Sunat Perempuan dalam Tinjauan Syariah
Meski telah menjadi kebiasaan pada sebagian kaum sebelum Islam, syariah Islam ternyata telah membuat pengaturan tersendiri berkaitan dengan sunat perempuan. Perkara ini telah disyariatkan, meski dengan pandangan hukum yang berbeda di kalangan para fuqaha. Menurut Syaikh Muhammad Mukhtar Asy-Syinqithi dalam kitabnya Ahkamul Jirahah Ath-Thibbiyah wa Al-Atsar al-Mutarabbatu ‘Alaiha, para fuqoha berselisih pendapat tentang status hukumnya. Setidaknya ada 3 (tiga) jenis hukum yang berkembang, yaitu wajib, sunnah dan mubah.
Pendapat yang menyatakan bahwa sunat perempuan wajib sebagaimana bagi laki-laki disampaikan oleh ulama Syafi’iyah, Hanabilah, dan sebagian Malikiyah. Sedangkan pendapat yang menyatakan bahwa sunat perempuan hanya sunnah (tidak wajib), sembari mewajibkan bagi laki-laki, disampaikan oleh Imam Ahmad dalam riwayat lain, sebagian ulama Malikiyah, dan ulama Zhahiriyah. Adapun yang berpendapat bahwa sunat perempuan hukumnya mubah sebagaimana juga bagi laki-laki adalah ulama Hanafiyah, Imam Malik, Imam Ahmad dalam satu riwayat, dan Imam Syaukani.

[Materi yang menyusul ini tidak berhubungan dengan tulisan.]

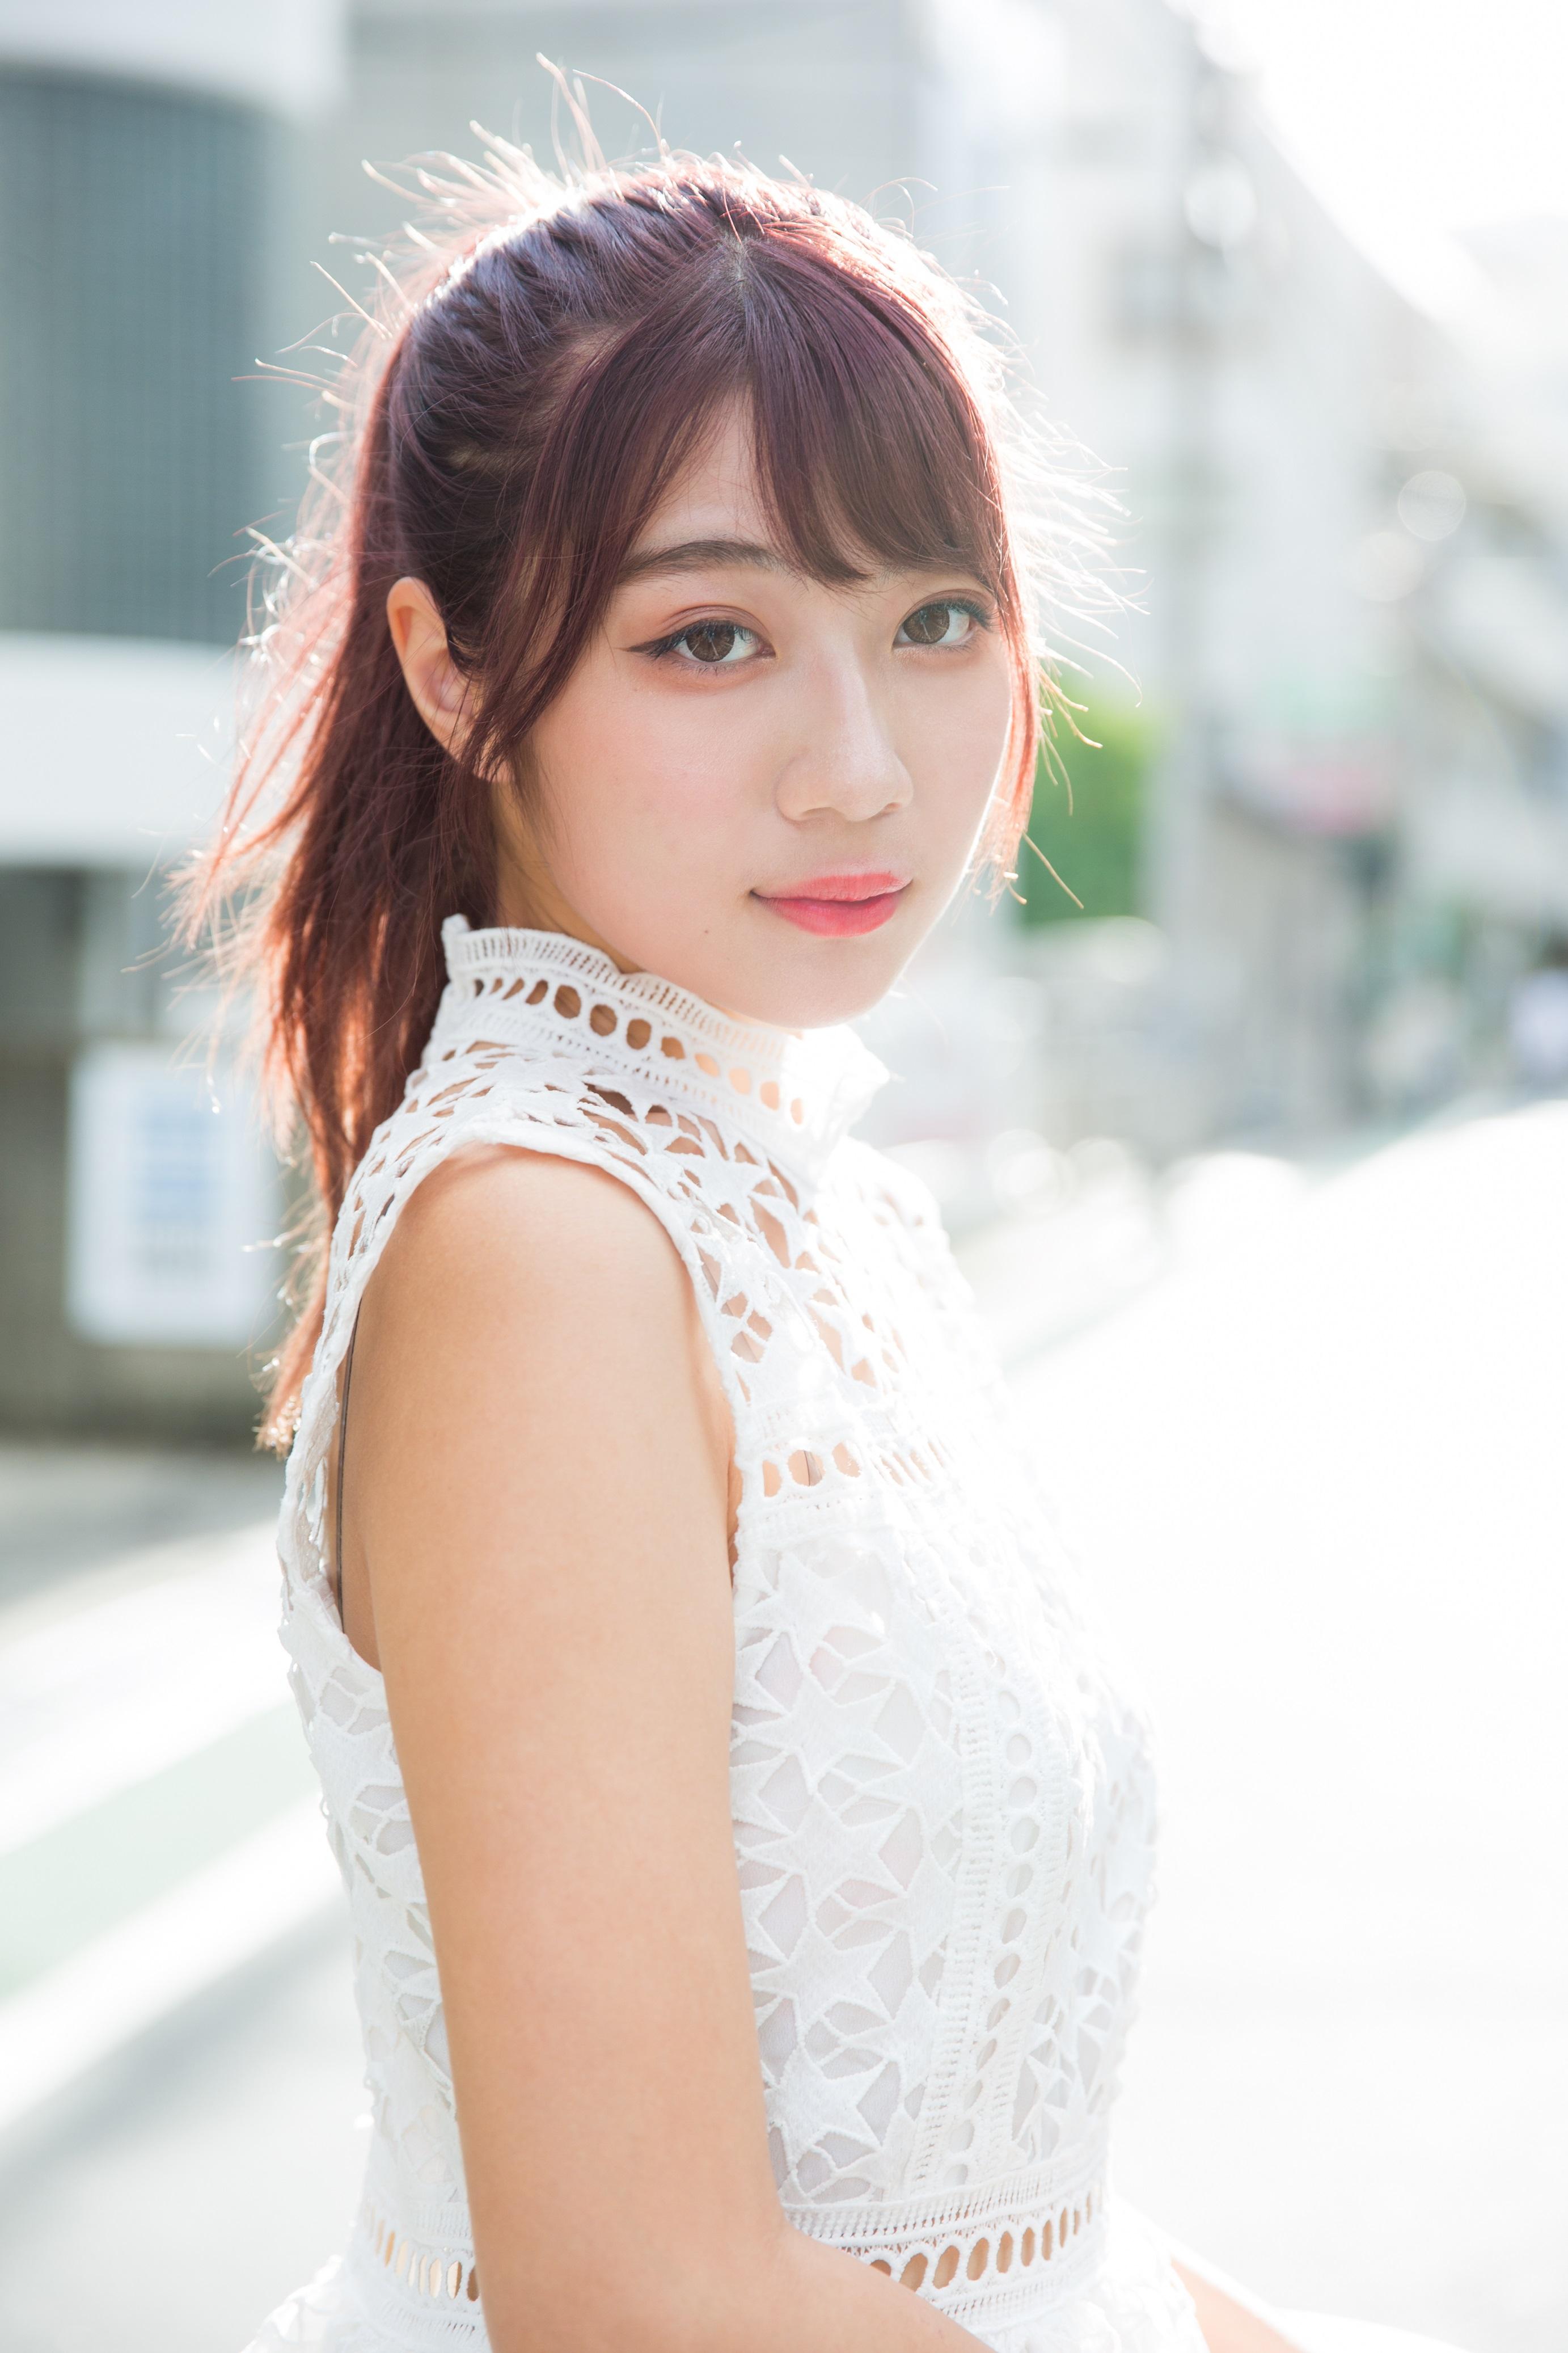 濱松明日香(ミス慶應コンテストのファイナリスト)
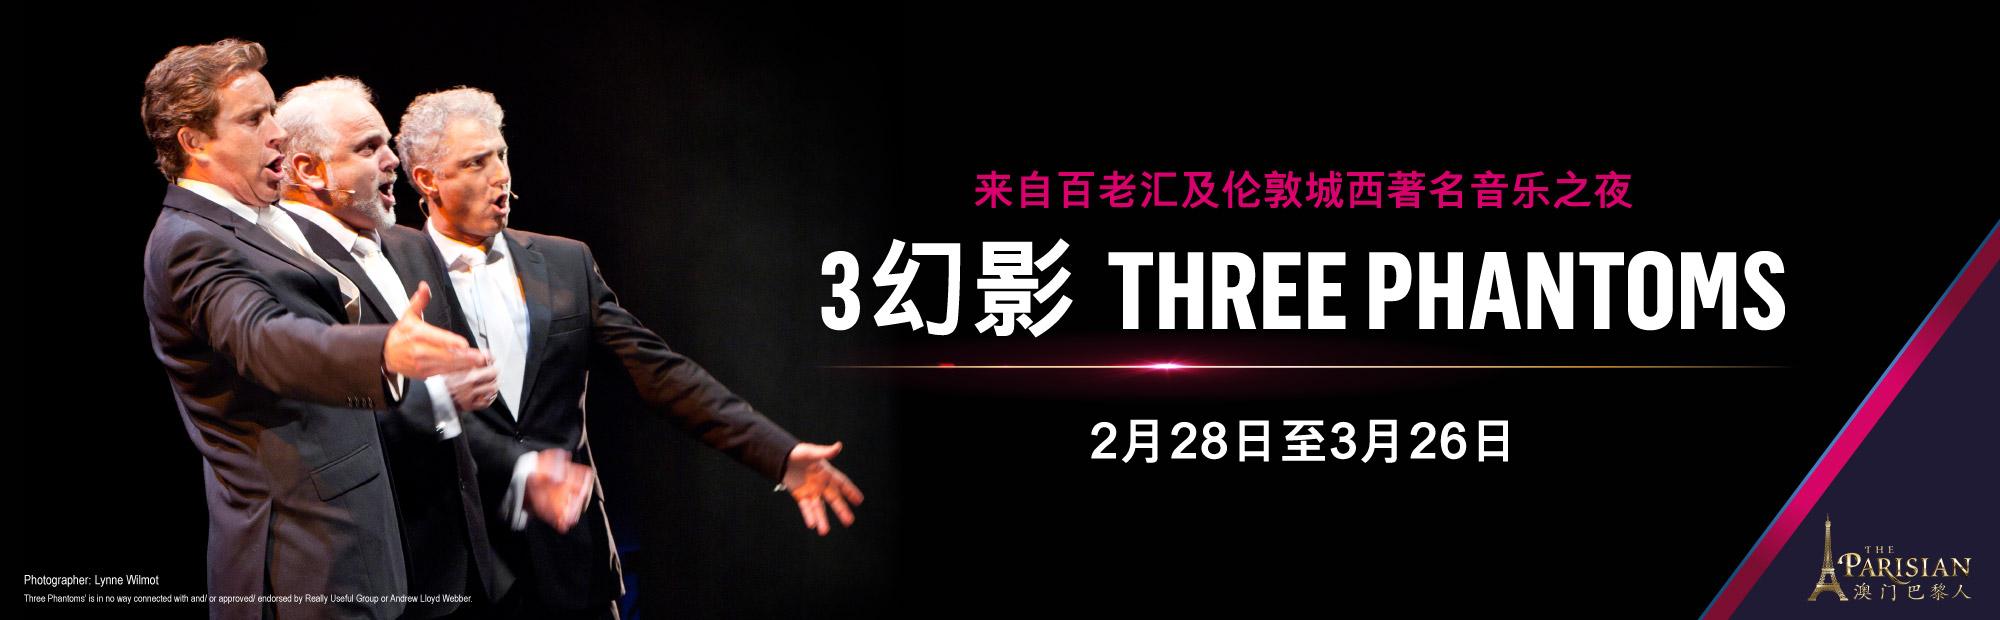 3幻影澳门音乐剧

Meski nampak berbeda pendapat, para fuqaha sepakat bahwa sunat perempuan memang disyariatkan (masyru’) dalam Islam. Tidak ada satu pun fuqaha yang berpendapat hukumnya makruh atau haram, apalagi yang menganggap sebagai bentuk kekerasan terhadap perempuan atau tindakan kriminal yang harus diperangi, sebagaimana klaim kaum kafir, kaum liberal dan pegiat gender saat ini.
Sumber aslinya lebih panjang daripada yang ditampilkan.